# Made in America: The Model FOX B Double Barrel Shotgun



## Sagetown (Feb 18, 2011)

Compared to the lightweight European Shotguns, the American versions were more robust and rugged. The American liked the feel of a well balanced stoutly made gun for putting meat on the table without costing an arm and a leg.
Savage came to the call in 1940 with the introduction of the Model B line.
Using earlier model designs from Stevens, which Savage bought in 1920, they were able to produce a less expensive gun than their 'Premier A.H. Fox line'. Thus; the first Model B sold for $25.75, and its popularity spread like wildfire.
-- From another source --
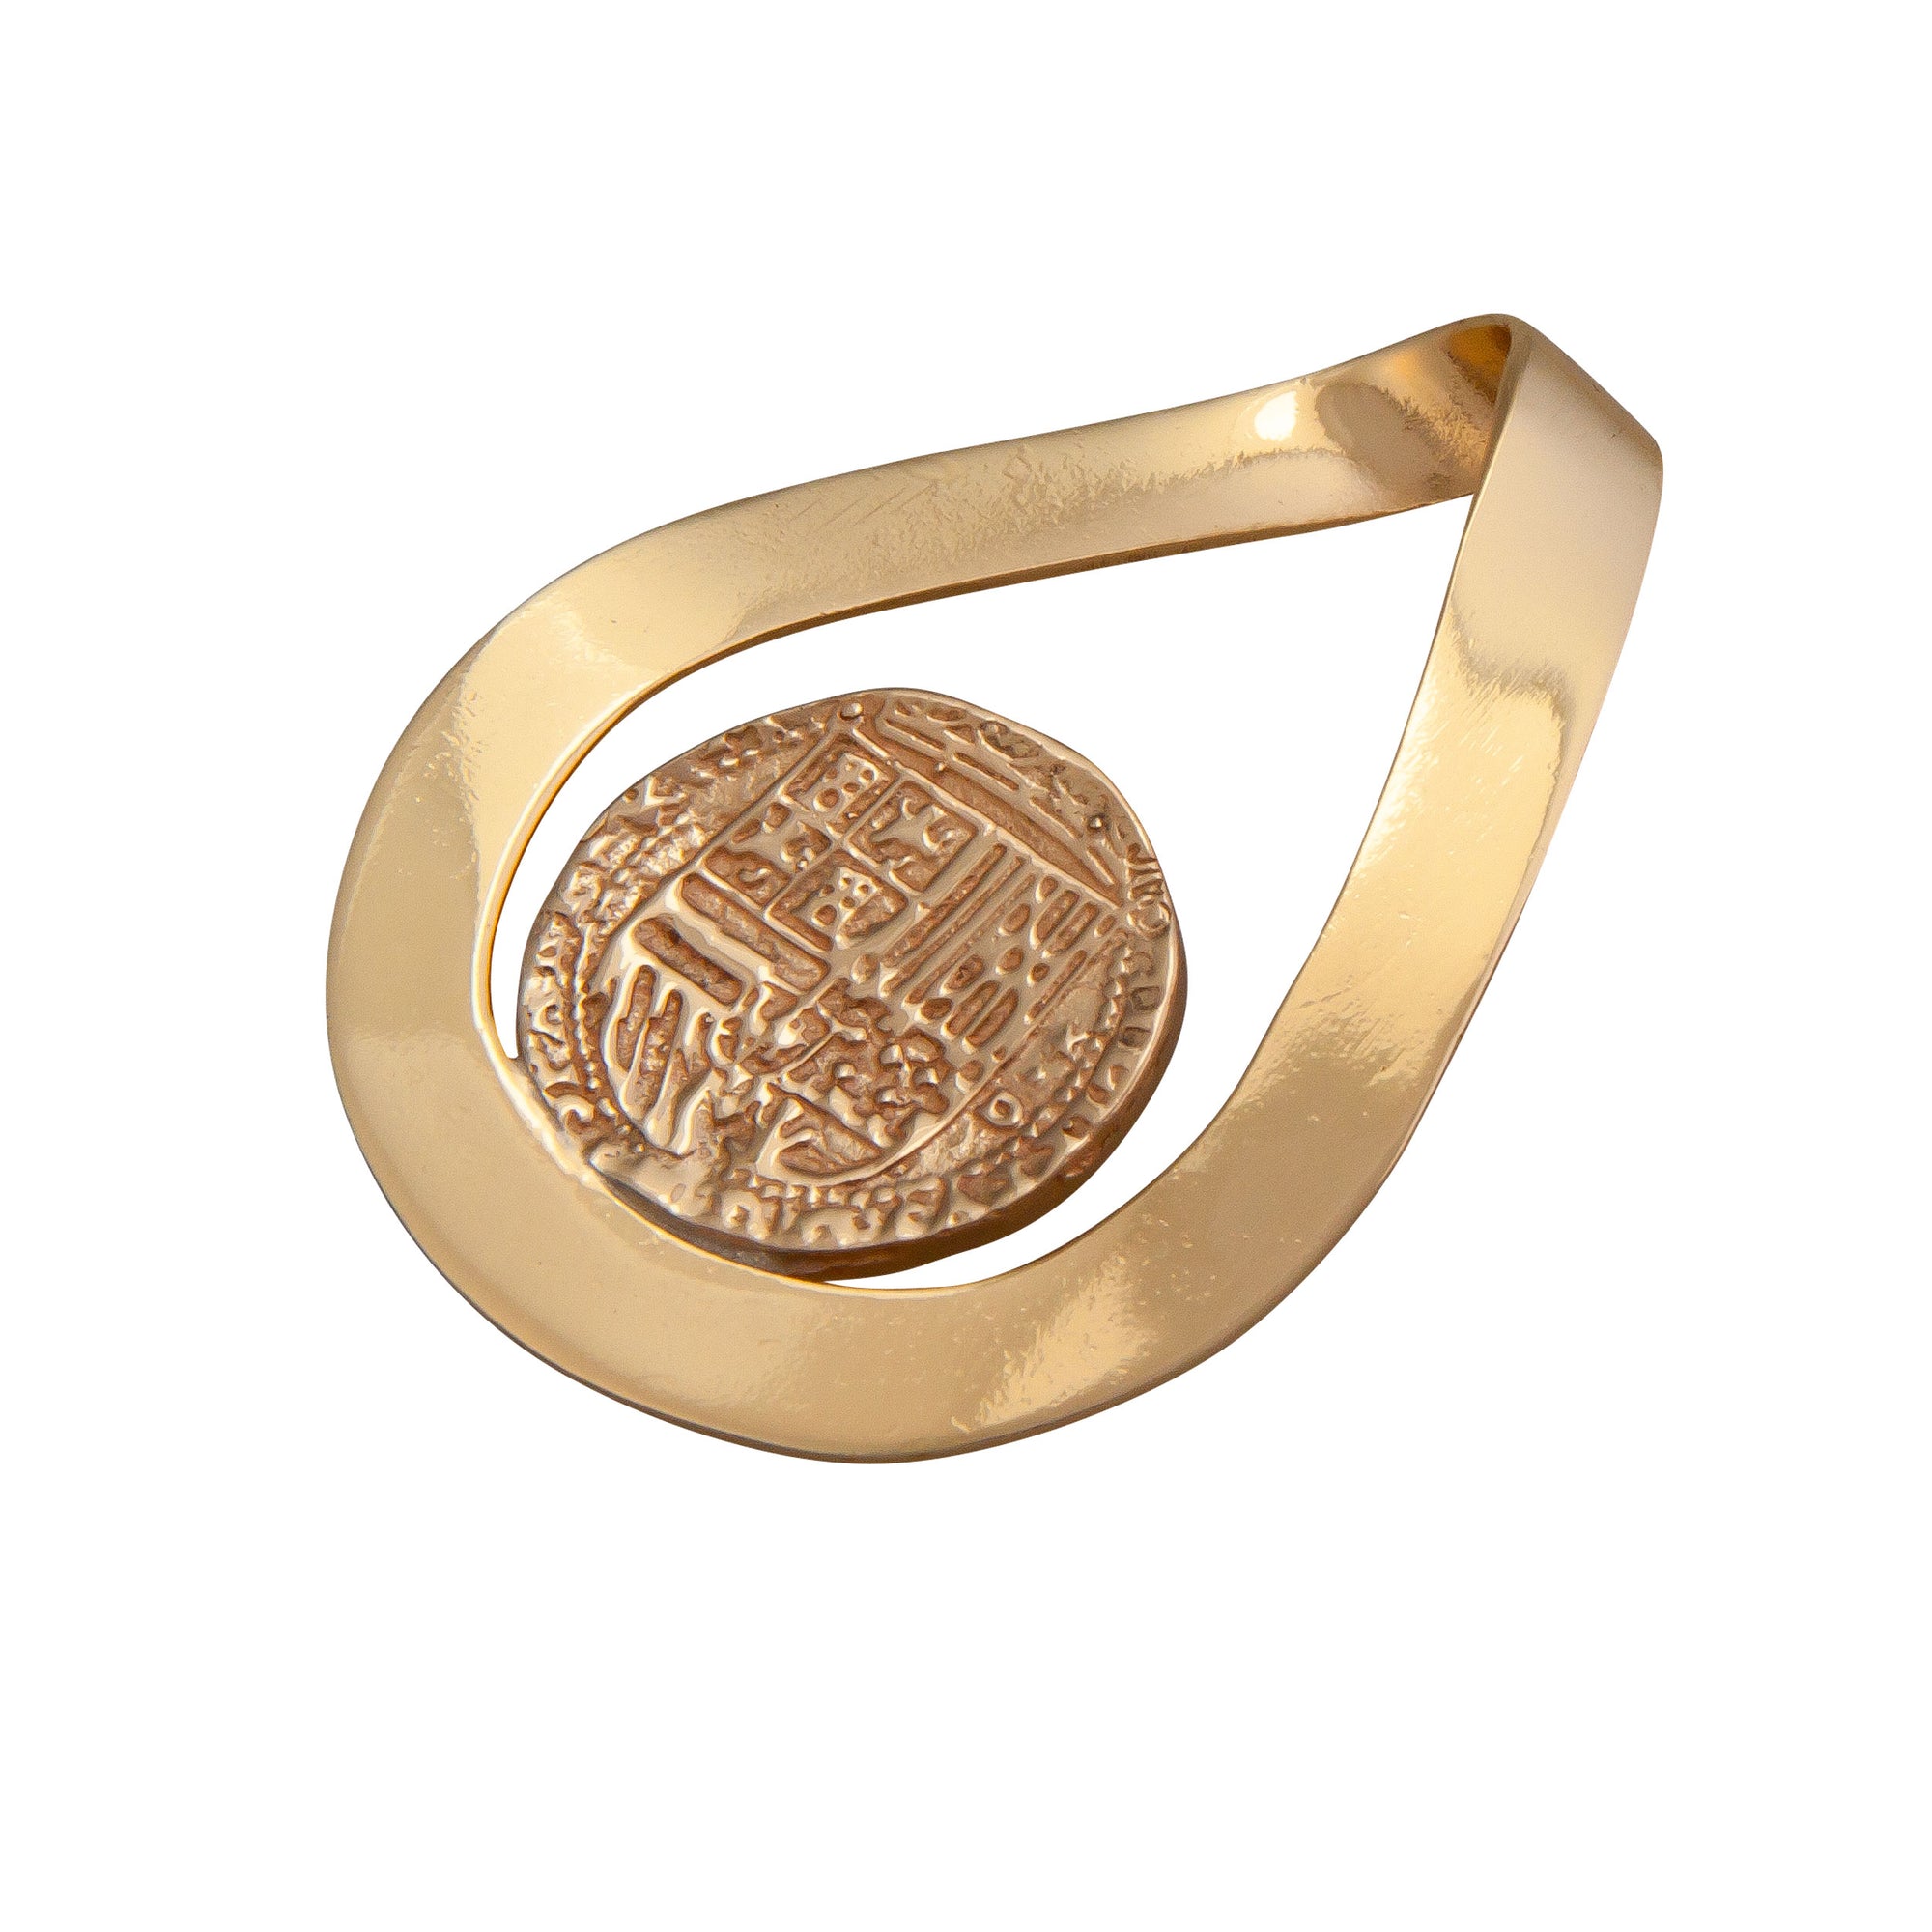 Alchemia Replica Spanish Coin Pendant with Twist Bale | Charles Albert Jewelry

Following its debut came the Models BST, BSE, BDL and BDE.
It continued in production with modifications until 1987. The gun pictured below was made in 1975.


----------



## olyman (Mar 9, 2011)

Sagetown said:


> Compared to the lightweight European Shotguns, the American versions were more robust and rugged. The American liked the feel of a well balanced stoutly made gun for putting meat on the table without costing an arm and a leg.
> Savage came to the call in 1940 with the introduction of the Model B line.
> Using earlier model designs from Stevens, which Savage bought in 1920, they were able to produce a less expensive gun than their 'Premier A.H. Fox line'. Thus; the first Model B sold for $25.75, and its popularity spread like wildfire. Following its debut came the Models BST, BSE, BDL and BDE.
> It continued in production with modifications until 1987. The gun pictured below was made in 1975.


 no pic,sage--and i knew where a old lady had her husbands--and he passed--sure wish i could get my hands on it!!!!


----------



## Sagetown (Mar 9, 2011)

Hmmm ! I see the pic on both our posts..
I might add that the barrels are very precisely made as they shoot where you aim.


----------



## Sagetown (Mar 9, 2011)

Here is a different image of it. Does anyone else see the 1st pic ? I can.


----------



## Sagetown (Mar 9, 2011)

Alright; this is the photo of the FoxB 20ga that's in my 1st post. Surely it will come up this time.


----------



## olyman (Mar 9, 2011)

Sagetown said:


> Alright; this is the photo of the FoxB 20ga that's in my 1st post. Surely it will come up this time.


 
now they came out..--whenever you get lucky enough to see one on a auction--you best have deeeeep pockets!!


----------



## lfnh (Mar 9, 2011)

Sagetown said:


> Here is a different image of it. Does anyone else see the 1st pic ? I can.


 
Real nice case colors - minty condition.
Savage made some nice doubles back in the day. Nice rifles too.

Ithaca NID's are nicely made, but think (?) they pre-dated yours.

Thanks for the pictures.


----------



## Toddppm (Mar 9, 2011)

fishcake21 said:


> Too bad the picture didn't go through. I would really love to get a glimpse of these babies.. hell yeah!


 
Don't mind him, he's just posting nonsense spam to get his link online.:msp_angry:


----------



## cuttingintime (Mar 9, 2011)

Thanks for sharing, I really like the trim fore arm.


----------



## Blazin (Mar 10, 2011)

Sweet double there!!!  And worth some coin!


----------